[Instructions to follow] Leaving the pictures aside, reproduce the data in full and word for word.

[Stored data]
/---

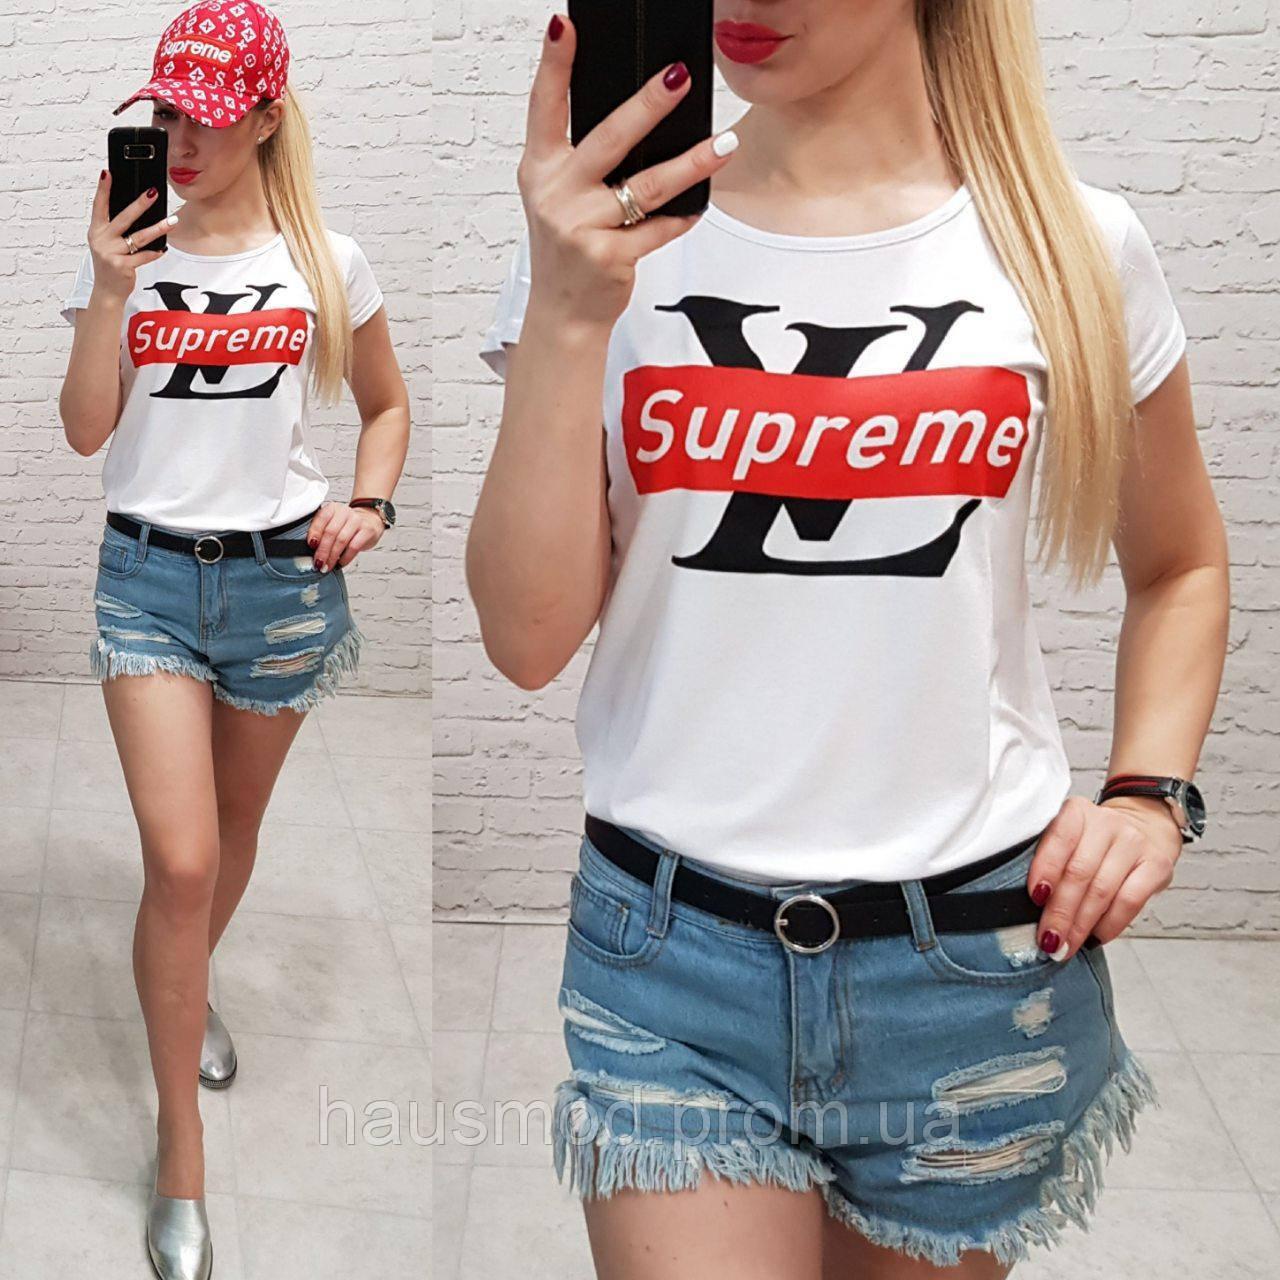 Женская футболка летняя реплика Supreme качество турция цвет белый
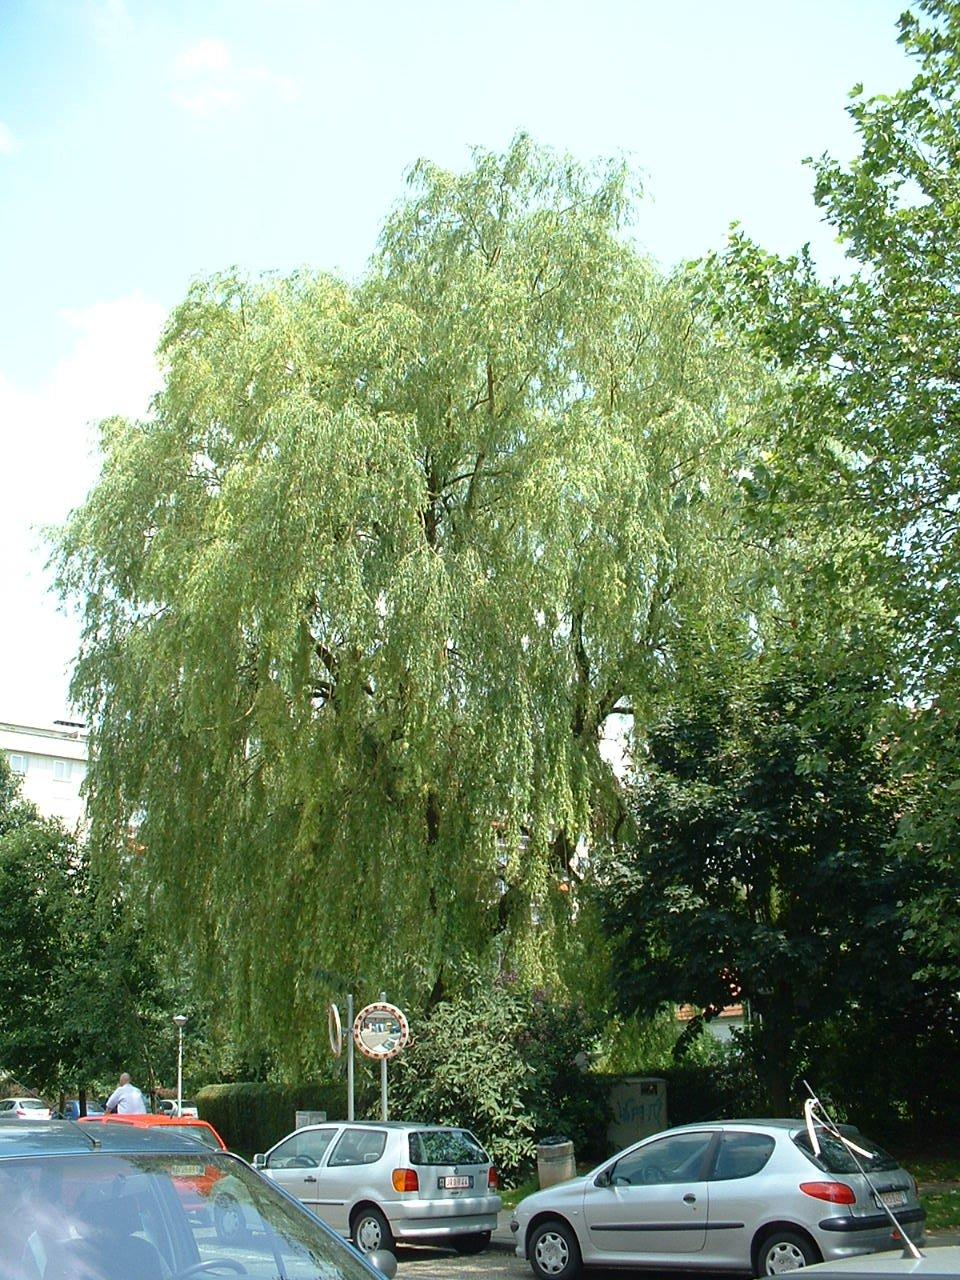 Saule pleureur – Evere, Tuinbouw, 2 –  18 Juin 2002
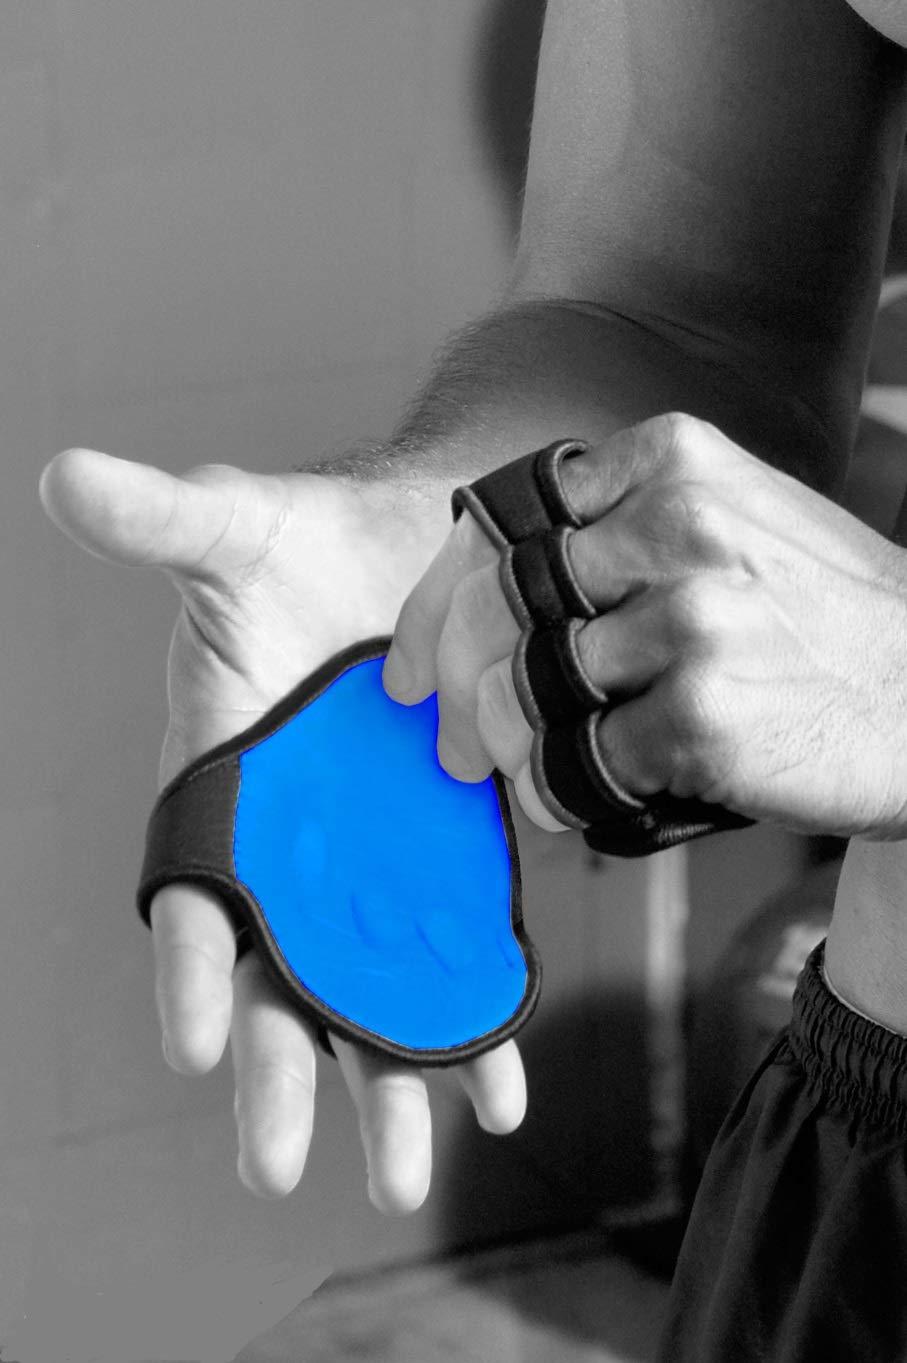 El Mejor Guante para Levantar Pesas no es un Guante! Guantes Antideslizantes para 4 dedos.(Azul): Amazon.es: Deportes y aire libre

\---

[Output of the task]
 Женская футболка летняя реплика Supreme качество турция цвет белый
 Saule pleureur – Evere, Tuinbouw, 2 –  18 Juin 2002
 El Mejor Guante para Levantar Pesas no es un Guante! Guantes Antideslizantes para 4 dedos.(Azul): Amazon.es: Deportes y aire libre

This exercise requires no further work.